Ph.D. Thesis {Colloquium}: CDS : “Modeling physiological transport at scales: connecting cells to organs.”


11 Aug 23    
11:00 AM - 12:00 PM

Event Type

Ph.D. Thesis Colloquium


Speaker : Ms. Deepa Maheshvare

S.R. Number : 06-18-01-10-12-16-1-14025

Title : “Modeling physiological transport at scales: connecting cells to organs.”

Research Supervisor: Prof. Debnath Pal

Date & Time : August 11, 2023 (Friday) at 11:00 AM

Venue : Room No. 102 (CDS Seminar Hall)



The physiological system is a complex network in which each organ forms a subsystem, and different subsystems interact to maintain the body’s overall homeostasis. Within each subsystem, functional networks exist at different levels of complexity. The vessels that perfuse the cells within a tissue mediate short- and long-distance communication. The ability to simultaneously capture local and global dynamics by hierarchically bridging communication networks at different scales is a key challenge in holistic physiology modeling.

We present a scalable hierarchical framework that allows us to bridge diverse scales to model biochemicals’ production, consumption, and distribution in a tissue microenvironment. We developed a discrete modeling framework to simulate the gradient-driven advection–dispersion-reaction physics of multispecies transport in multiscale systems. Biochemical drift in the capillary network, transcapillary exchange, and cellular reactions were modeled by translating physical space into a metamodel with functional units. We define graph operators on the finite connected network representation of the discrete functional units embedded in the metamodel. The governing differential equations are modeled to study the inter-compartment dynamics of the well-mixed nodal volumes by formulating the transport dynamics in the vascular domain and the transcapillary exchange as a ‘tank-in-series’ model. This allows our framework to scale to large networks and provides the flexibility to fuse multiscale models by encoding imaging data of vascular topology and omics data of cellular reactions to enhance systems-level understanding. Our framework is suitable for reducing the computational cost of spatially discretizing large tissue volumes and for probing the effect of flow topology on biochemical transport to study structure-function relationships in tissues.

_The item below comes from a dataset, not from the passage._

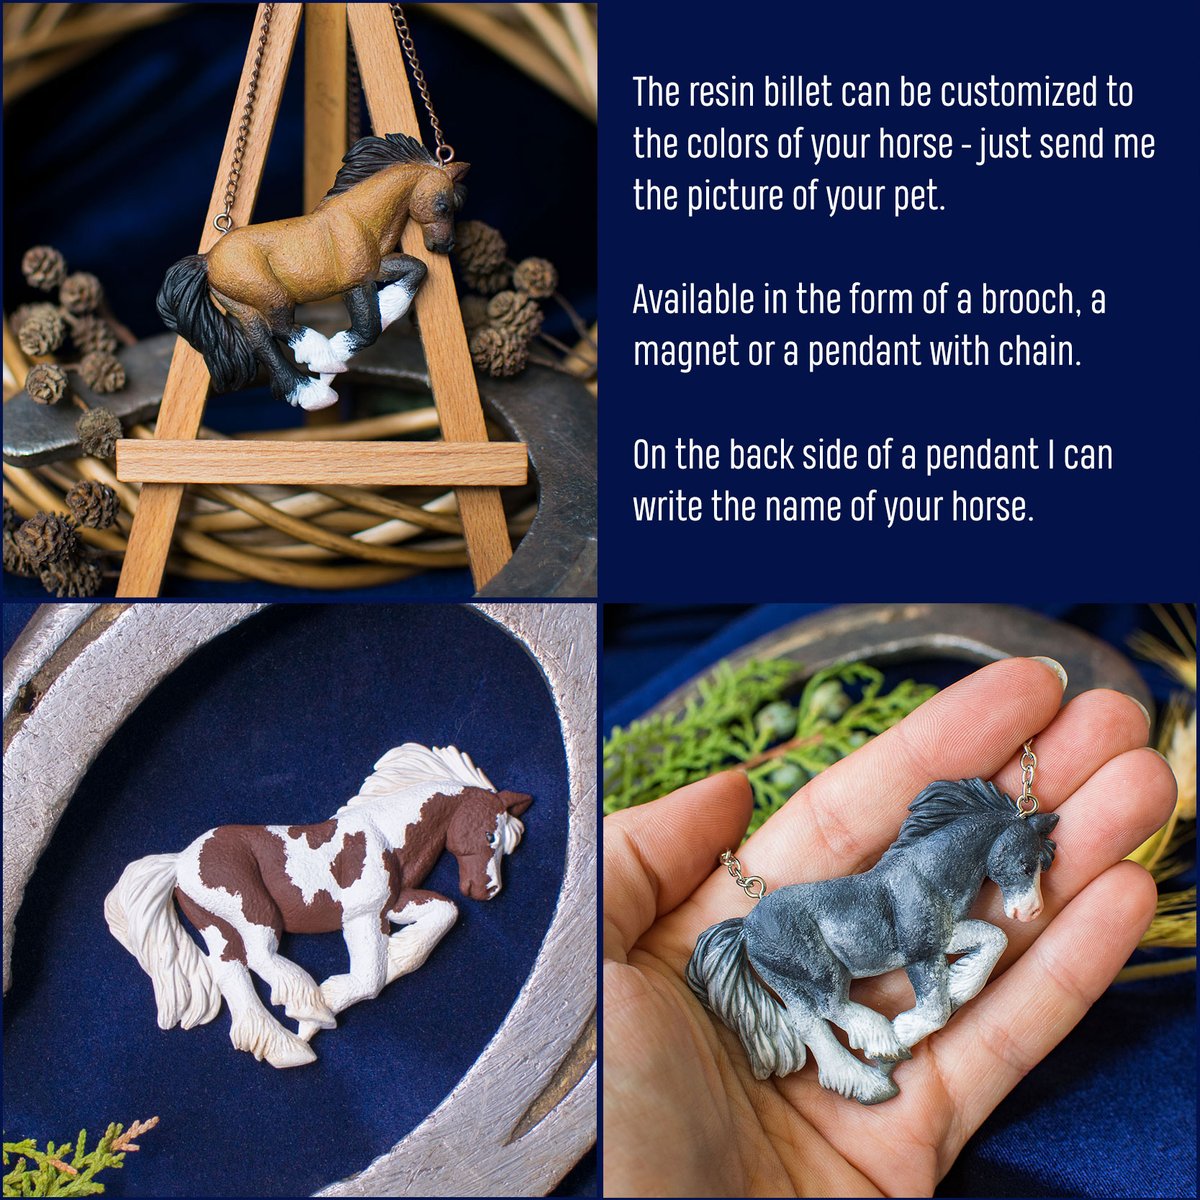 Moreover, these pendants with horses can serve as a memorial for a four-legged friend who has crossed the rainbow bridge. I can paint a billet in the color of your #horse - just show me a photo. 
It can be made as a pendant on a chain, a brooch, or a fridge magnet.

Next, we developed a comprehensive and standardized data-driven modeling workflow to build kinetic models of cellular metabolism. There are significant challenges in developing computational models at the cellular level due to the substantial variation in data across different experimental systems, animal species, and cell lines. We have created open, free, and FAIR (findable, accessible, interoperable, and reusable) assets that can be used to study pancreatic physiology and glucose-stimulated insulin secretion (GSIS). The data curation, integration, normalization and data fitting workflow, and a large database of metabolic data of the pancreatic beta-cell based on experimental and clinical data from 39 studies spanning 50 years of pancreatic, islet, and beta-cell research in humans, rats, mice, and cell lines were used to construct a novel data-driven kinetic SBML (Systems Biology Markup Language) model of GSIS in the pancreatic beta-cell. The model consists of detailed glycolysis and phenomenological equations for biphasic insulin secretion coupled to cellular energy state, ATP dynamics, and (ATP/ADP ratio). The predicted glucose-dependent response of glycolytic intermediates and biphasic insulin secretion are in good agreement with experimental measurements, and our model predicts that the factors affecting ATP consumption, ATP formation, hexokinase, phosphofructokinase, and ATP/ADP-dependent insulin secretion have a major effect on GSIS.

Finally, we present KiPhyNet, an online network simulation tool connecting cellular kinetics and physiological transport. The tool allows users to simulate and interactively visualize pressure, velocity, and concentration fields for applications such as flow distribution, glucose transport, and glucose-lactate exchange in microvascular networks.

When extended for translational purposes in clinical settings, the framework and pipeline developed in this work can advance the simulation of whole-body models and are expected to have major applications in personalized medicine and drug discovery.